# What is a "normal"marriage? NEED HELP PLEASE



## pinkprincess (Jun 10, 2008)

So i need to find out what is a normal marriage relationship between hubby and wife?


----------



## 40jane (Dec 8, 2010)

Accepting one another differences, talking through disagreements with solutions that both are happy with, affection, finding out and meeting the others needs, listening without giving advice, giving support when needed, respecting one another, giving space or closeness, being a "team", making major decisions together, valuing each other

Easy to tell you what a normal marriage is...it is the opposite of mine


----------



## sisters359 (Apr 9, 2009)

I think there is no such thing, because each couple is different. Whatever makes both of you happy and works for both of you is "normal" for you. If one of you is generally happy and satisfied and the other isn't, or if both o you are unhappy, then obviously something is wrong.
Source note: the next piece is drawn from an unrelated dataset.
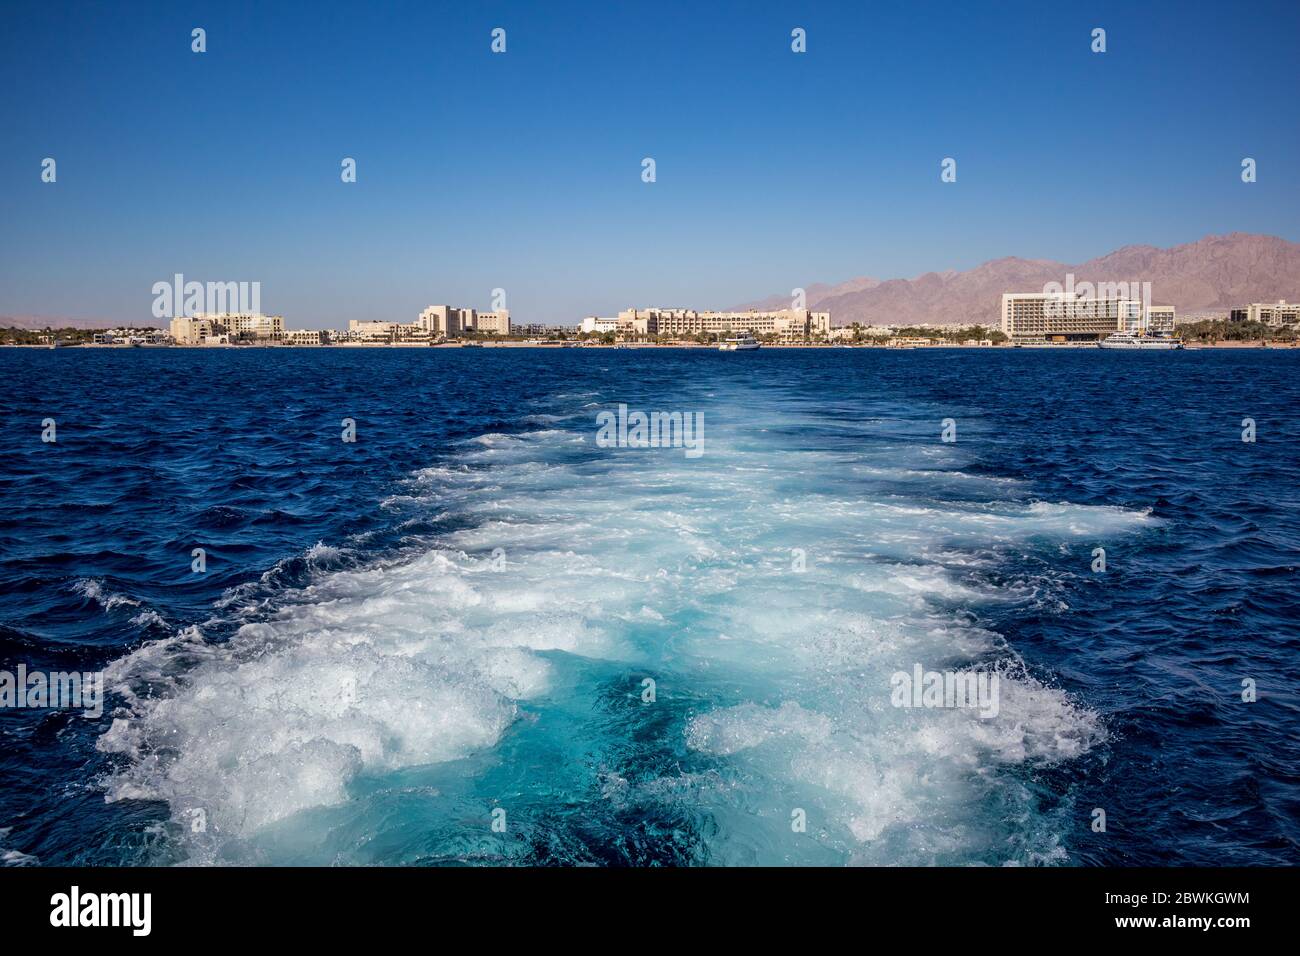 Gulf of Aqaba as seen from tourist boats, Jordan. Some front line hotels and the crystal blue water of Red Sea, sunny winter afternoon, water foam from the speeding vessel Stock Photo

BUT--if both of you are happy yet you are pretty disconnected, the marriage is in trouble. If the connection is strong--whatever it is based on--but you are still pretty independent of one another for a lot of your needs, that's fine too, b/c we have lots of different needs and no one can meet all our needs. If your connection does not include enjoying sex, however, trouble usually lies ahead.
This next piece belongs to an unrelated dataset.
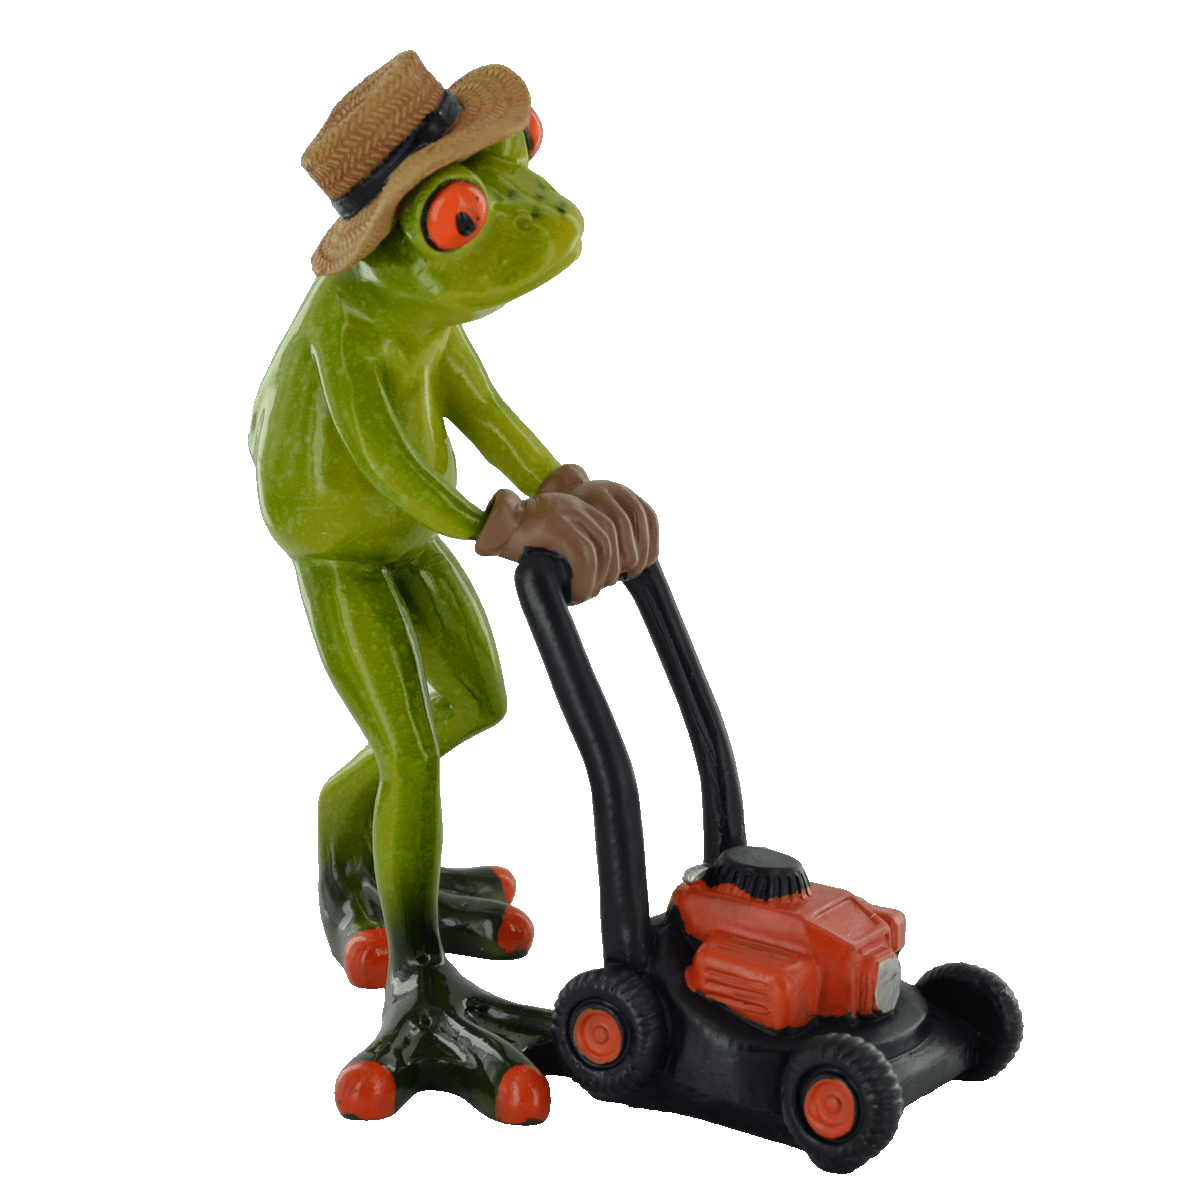 Comical Frogs Gardener With Lawn Mower Small Resin Figurine

Now, why do you ask? Are you unhappy? Are you unhappy b/c you want your marriage to "look" a certain way? Who cares if it is "normal" if you are otherwise happy? If, however, having a marriage that just appears normal is really important to you but not to your spouse, then maybe you are not well matched.


----------



## major misfit (Oct 17, 2010)

Normal is whatever works for both people involved.


----------



## unbelievable (Aug 20, 2010)

There is no "normal". There is only what works for you and your wife. I can't see how most people tolerate their spouse. They probably think the same about me and my wife. Everyone has to figure out what works for them.


----------



## MsLonely (Sep 23, 2010)

40jane said:


> Accepting one another differences, talking through disagreements with solutions that both are happy with, affection, finding out and meeting the others needs, listening without giving advice, giving support when needed, respecting one another, giving space or closeness, being a "team", making major decisions together, valuing each other
> 
> Easy to tell you what a normal marriage is...it is the opposite of mine


Nice one. I think my marriage is normal.
_Posted via Mobile Device_


----------